### WORK TO COMPLETE
Provide an exact copy of the data, excluding the images.

### SOURCE MATERIAL
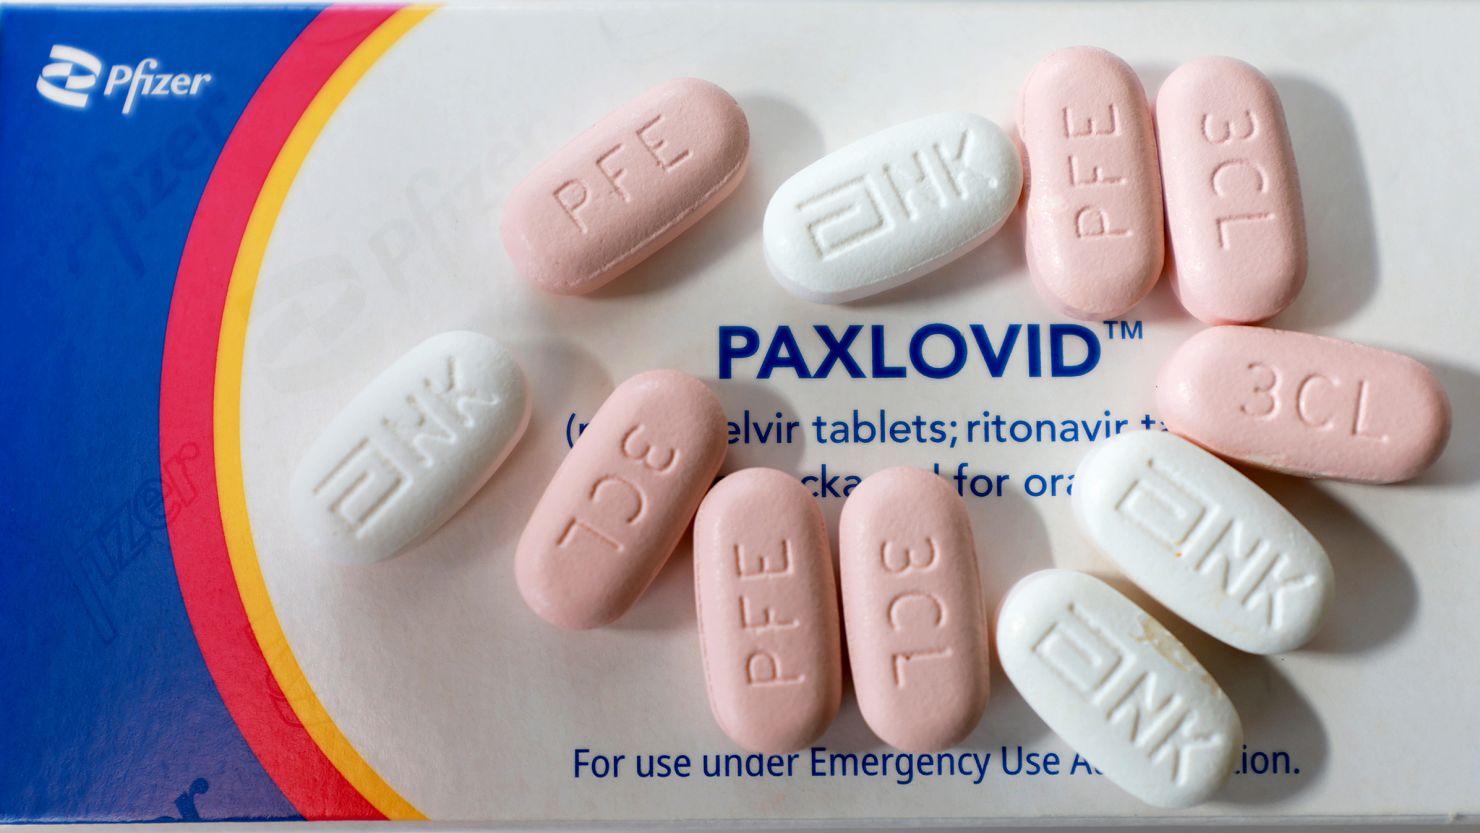 PEMBROKE PINES, FLORIDA - JULY 07: In this photo illustration, Pfizer's Paxlovid is displayed on July 07, 2022 in Pembroke Pines, Florida. The US Food and Drug Administration revised the emergency use authorization for Paxlovid, Pfizer's Covid-19 antiviral treatment, to allow state-licensed pharmacists to prescribe the treatment to people. (Photo by Joe Raedle/Getty Images)
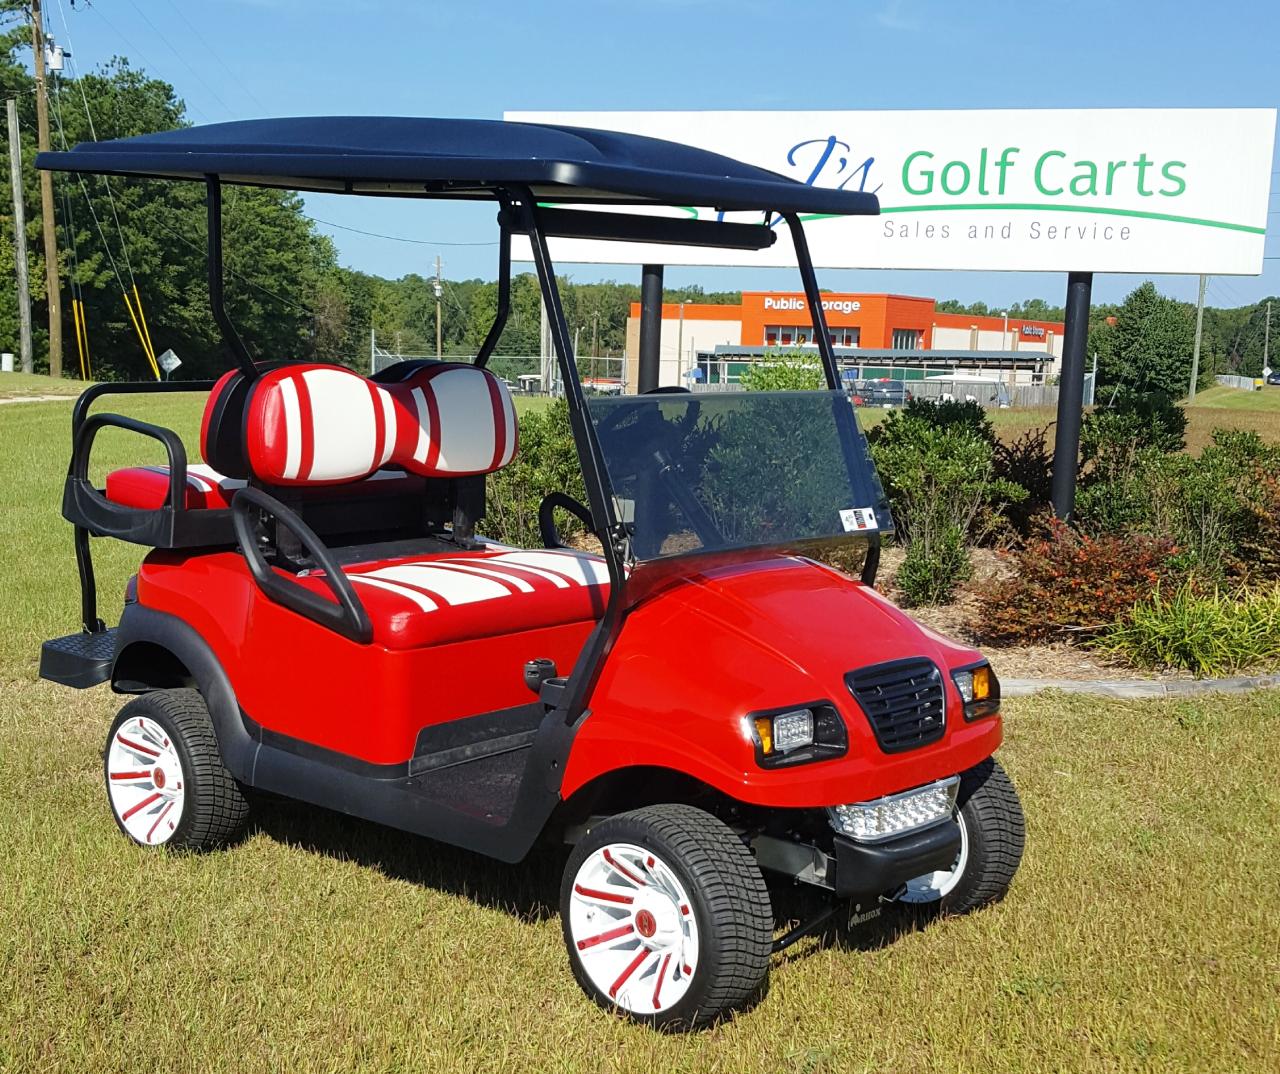 Used Golf Carts for Sale by Owner in Jackson, West Virginia: A Comprehensive Guide
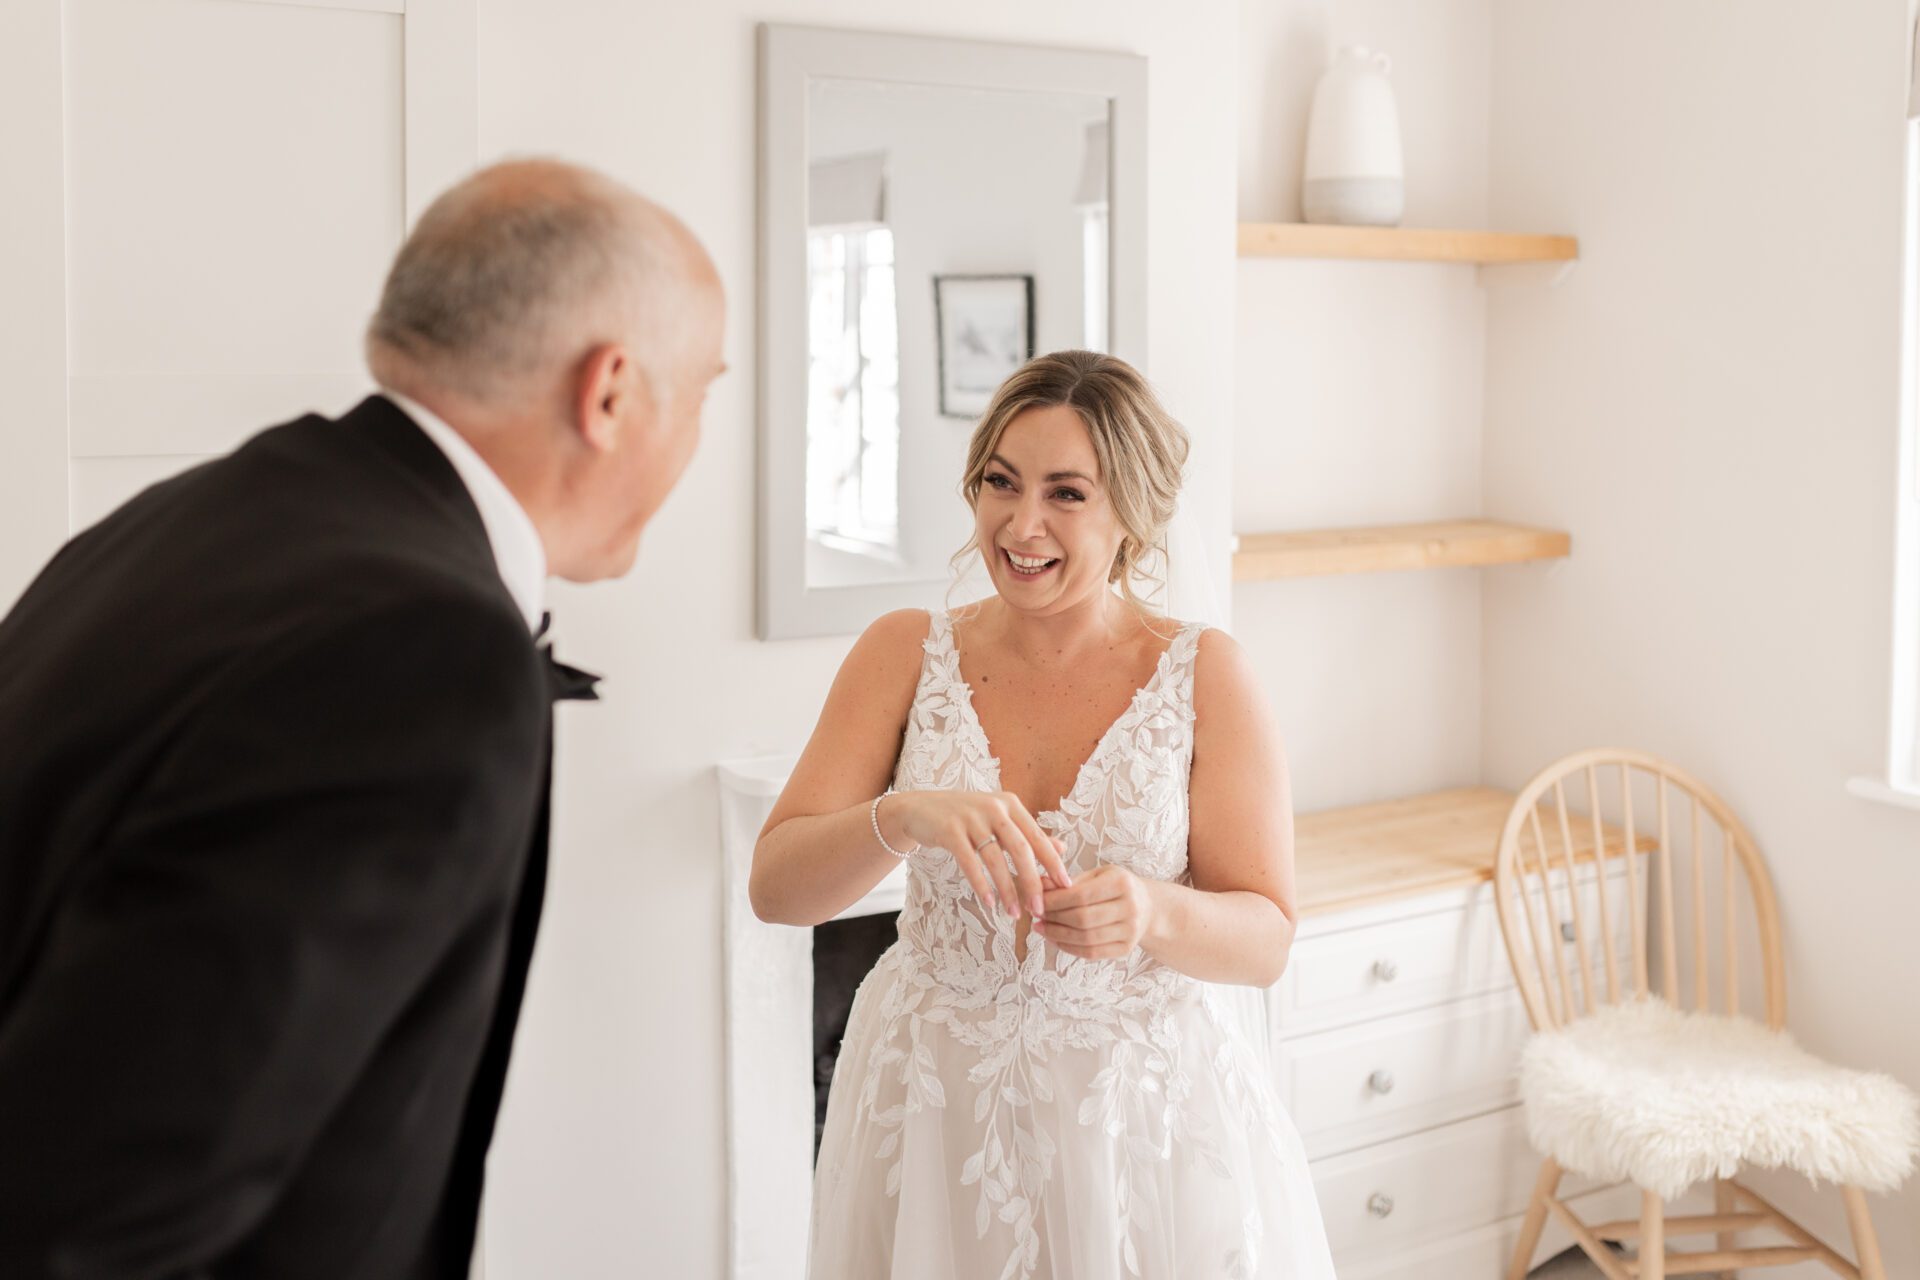 The bride and her father share a special moment
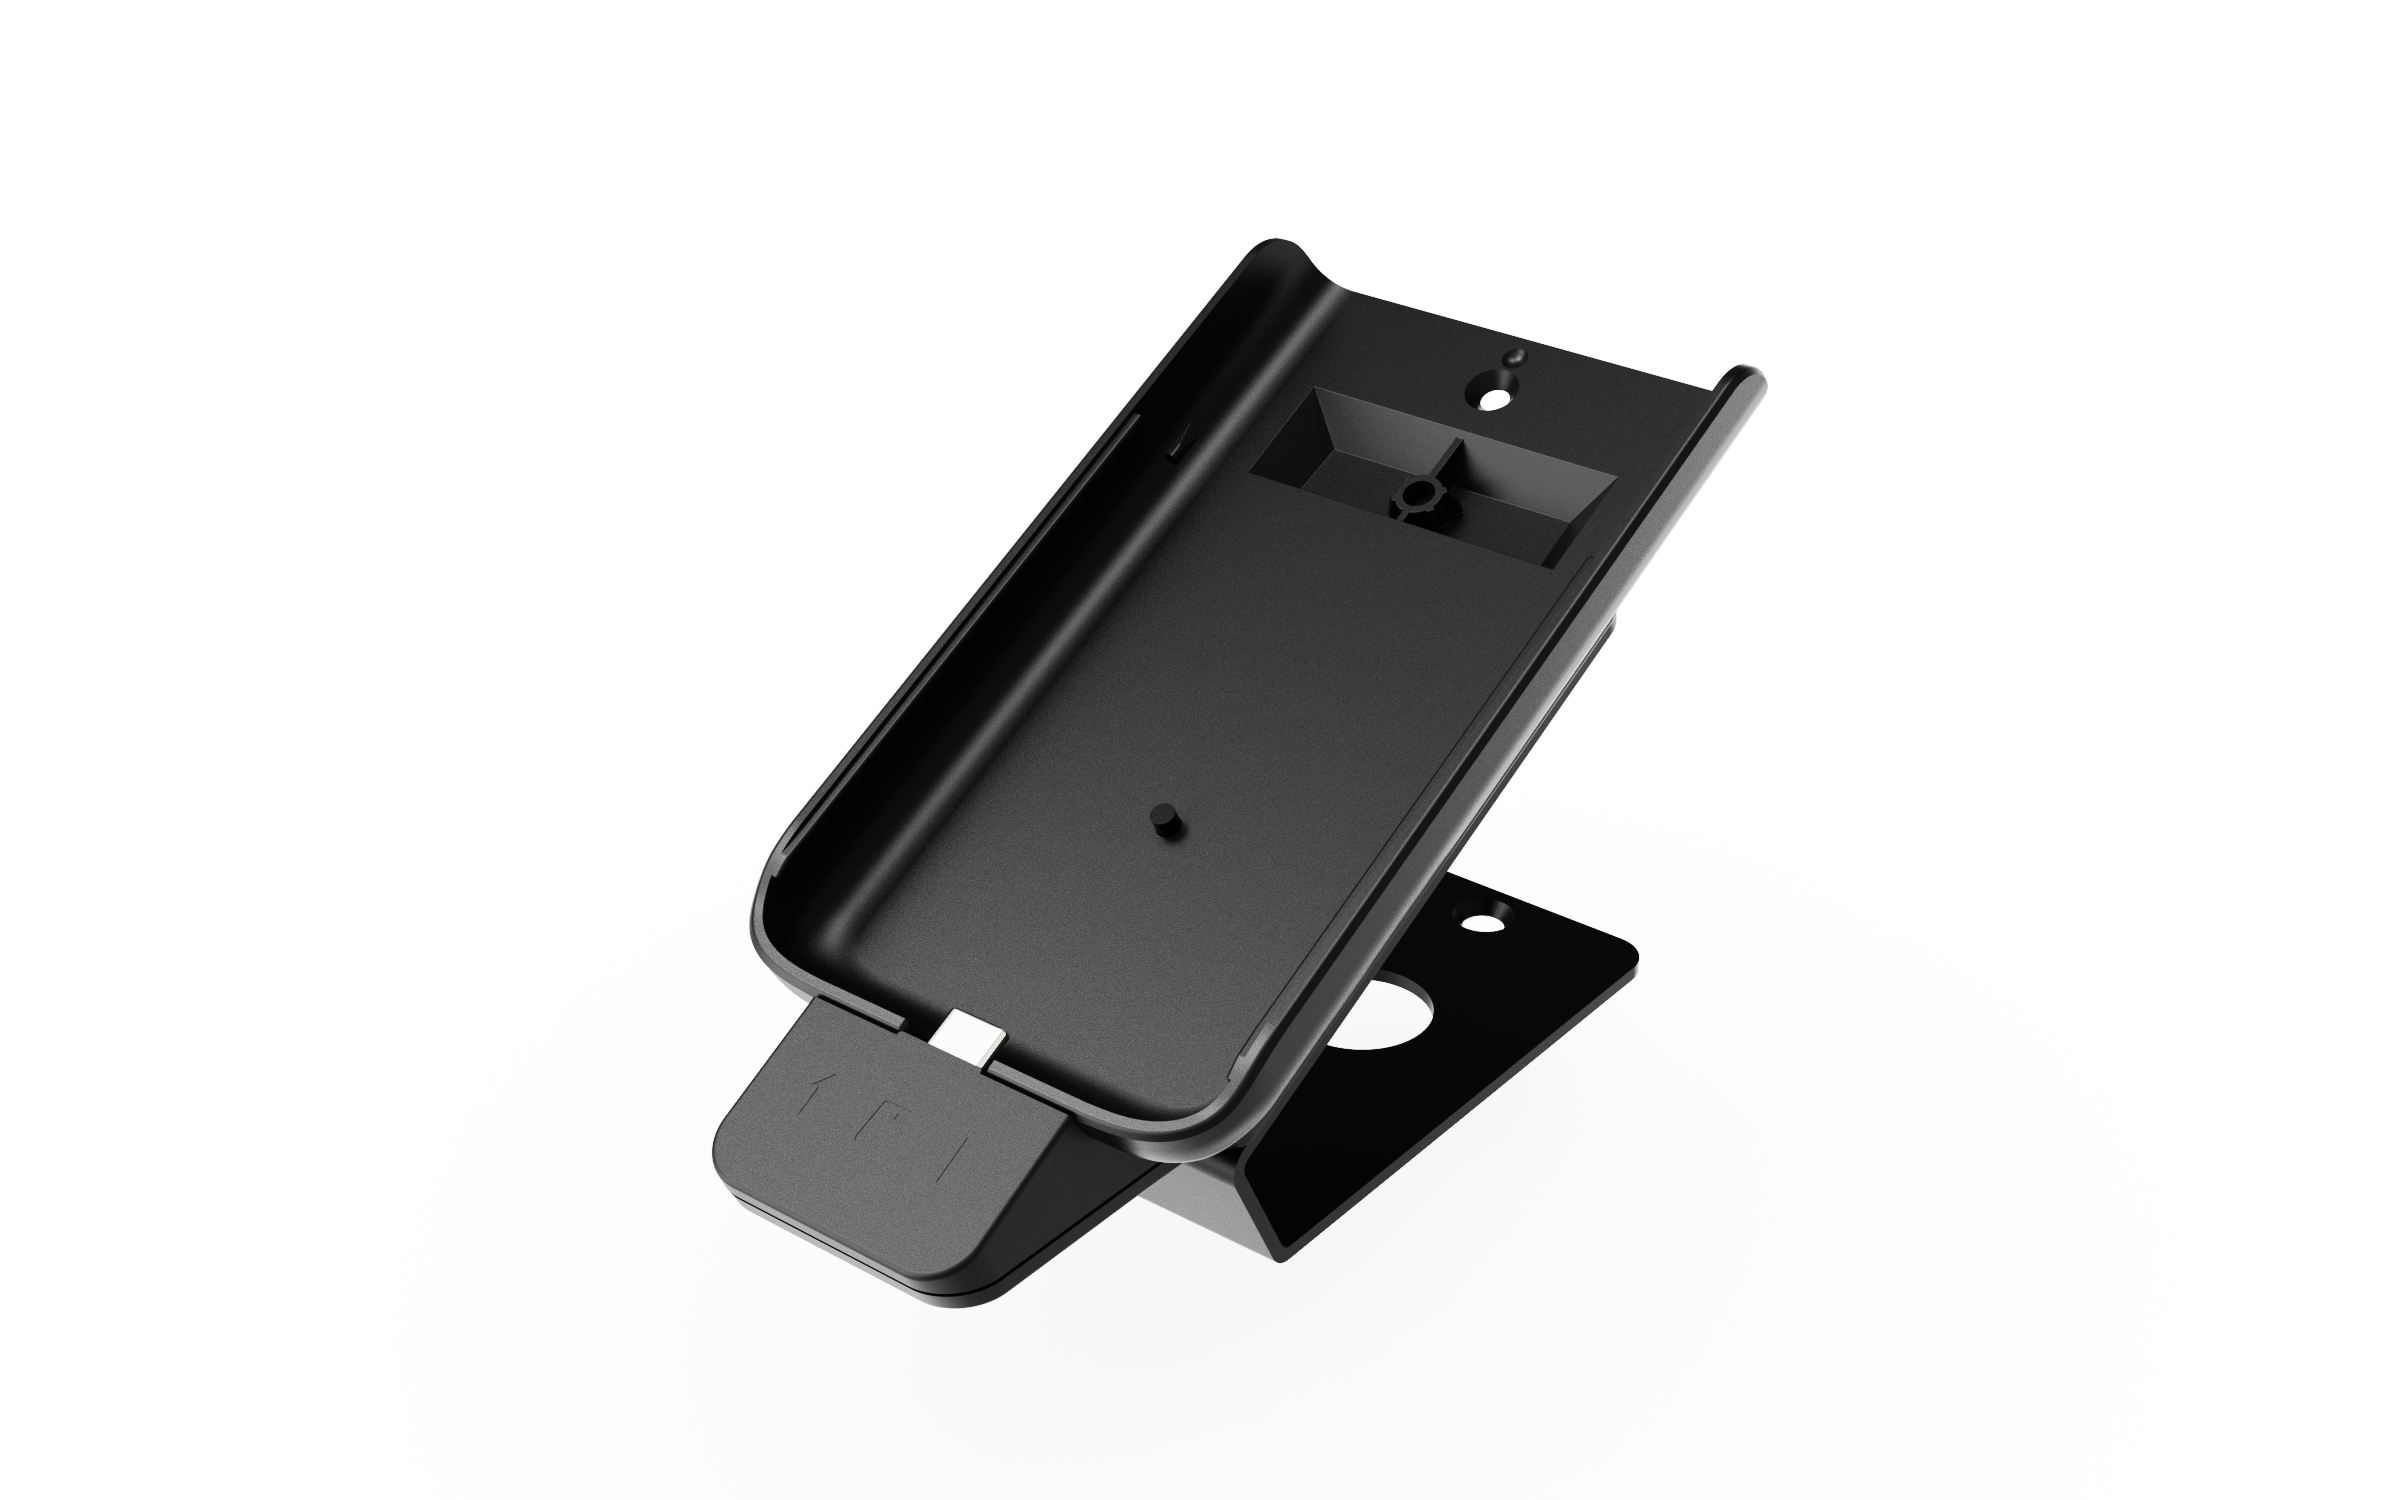 Single Wedge Base Stand for Verifone e285 Mobile Payment Devices

### SOLUTION TO THE EXERCISE
 PEMBROKE PINES, FLORIDA - JULY 07: In this photo illustration, Pfizer's Paxlovid is displayed on July 07, 2022 in Pembroke Pines, Florida. The US Food and Drug Administration revised the emergency use authorization for Paxlovid, Pfizer's Covid-19 antiviral treatment, to allow state-licensed pharmacists to prescribe the treatment to people. (Photo by Joe Raedle/Getty Images)
 Used Golf Carts for Sale by Owner in Jackson, West Virginia: A Comprehensive Guide
 The bride and her father share a special moment
 Single Wedge Base Stand for Verifone e285 Mobile Payment Devices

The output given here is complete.